→ TASK INSTRUCTIONS: The string "Training" may appear in lines of the listing. Report each line where it does.

→ DATA FOR THIS EXERCISE:
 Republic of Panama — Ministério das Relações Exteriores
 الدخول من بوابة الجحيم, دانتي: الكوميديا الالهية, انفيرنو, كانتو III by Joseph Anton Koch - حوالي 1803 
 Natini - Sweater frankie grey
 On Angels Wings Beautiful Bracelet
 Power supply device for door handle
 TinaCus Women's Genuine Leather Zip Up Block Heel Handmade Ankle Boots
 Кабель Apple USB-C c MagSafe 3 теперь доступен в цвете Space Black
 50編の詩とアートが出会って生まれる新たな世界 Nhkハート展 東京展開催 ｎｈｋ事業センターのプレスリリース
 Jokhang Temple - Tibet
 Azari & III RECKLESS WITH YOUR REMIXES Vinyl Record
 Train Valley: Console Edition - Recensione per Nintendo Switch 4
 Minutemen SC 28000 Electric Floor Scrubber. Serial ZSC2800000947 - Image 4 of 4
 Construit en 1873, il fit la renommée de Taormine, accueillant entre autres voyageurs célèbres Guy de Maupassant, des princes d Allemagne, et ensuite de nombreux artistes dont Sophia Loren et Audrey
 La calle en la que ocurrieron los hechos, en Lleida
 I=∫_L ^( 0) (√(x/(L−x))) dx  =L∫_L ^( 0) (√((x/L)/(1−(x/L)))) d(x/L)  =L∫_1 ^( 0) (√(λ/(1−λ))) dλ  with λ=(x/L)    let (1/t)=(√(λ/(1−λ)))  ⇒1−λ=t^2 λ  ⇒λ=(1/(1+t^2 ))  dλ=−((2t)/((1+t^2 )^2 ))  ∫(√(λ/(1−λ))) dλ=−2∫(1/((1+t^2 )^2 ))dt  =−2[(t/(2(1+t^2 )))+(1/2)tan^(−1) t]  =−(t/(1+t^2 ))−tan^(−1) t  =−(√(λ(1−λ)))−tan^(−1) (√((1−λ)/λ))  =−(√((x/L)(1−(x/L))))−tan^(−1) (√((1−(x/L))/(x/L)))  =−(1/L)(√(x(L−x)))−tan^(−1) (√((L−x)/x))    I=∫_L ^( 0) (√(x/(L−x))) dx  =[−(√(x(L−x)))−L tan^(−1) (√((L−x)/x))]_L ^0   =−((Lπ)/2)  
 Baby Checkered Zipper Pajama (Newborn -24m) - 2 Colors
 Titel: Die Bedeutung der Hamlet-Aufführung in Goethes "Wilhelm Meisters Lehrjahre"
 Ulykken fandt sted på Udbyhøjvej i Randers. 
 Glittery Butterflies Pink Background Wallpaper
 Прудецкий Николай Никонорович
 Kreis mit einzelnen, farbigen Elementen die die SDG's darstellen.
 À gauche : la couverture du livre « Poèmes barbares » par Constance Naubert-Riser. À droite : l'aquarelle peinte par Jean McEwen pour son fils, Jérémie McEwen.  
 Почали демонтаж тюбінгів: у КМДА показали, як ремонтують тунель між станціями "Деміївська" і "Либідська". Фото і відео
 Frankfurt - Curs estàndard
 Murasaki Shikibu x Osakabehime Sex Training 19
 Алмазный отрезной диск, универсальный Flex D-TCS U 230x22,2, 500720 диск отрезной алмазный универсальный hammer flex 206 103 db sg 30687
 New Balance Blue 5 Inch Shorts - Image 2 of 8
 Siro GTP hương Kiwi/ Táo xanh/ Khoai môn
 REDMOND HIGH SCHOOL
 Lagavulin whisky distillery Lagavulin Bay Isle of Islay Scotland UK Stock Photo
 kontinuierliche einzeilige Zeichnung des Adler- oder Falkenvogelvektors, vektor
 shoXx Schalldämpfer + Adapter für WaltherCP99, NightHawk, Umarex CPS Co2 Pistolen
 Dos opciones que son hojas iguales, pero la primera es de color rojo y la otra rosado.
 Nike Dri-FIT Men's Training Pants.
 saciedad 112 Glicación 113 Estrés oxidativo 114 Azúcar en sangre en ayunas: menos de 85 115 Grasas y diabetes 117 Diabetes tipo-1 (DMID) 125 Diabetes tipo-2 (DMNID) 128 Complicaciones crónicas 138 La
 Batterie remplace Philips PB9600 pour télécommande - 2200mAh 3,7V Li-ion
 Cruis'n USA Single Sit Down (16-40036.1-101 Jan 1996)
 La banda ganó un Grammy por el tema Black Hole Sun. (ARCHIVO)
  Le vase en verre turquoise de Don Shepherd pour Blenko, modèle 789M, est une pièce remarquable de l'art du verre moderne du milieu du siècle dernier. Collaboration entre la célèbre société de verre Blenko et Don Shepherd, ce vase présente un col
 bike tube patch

→ SOLUTION TO THIS TASK:
 Murasaki Shikibu x Osakabehime Sex Training 19
 Nike Dri-FIT Men's Training Pants.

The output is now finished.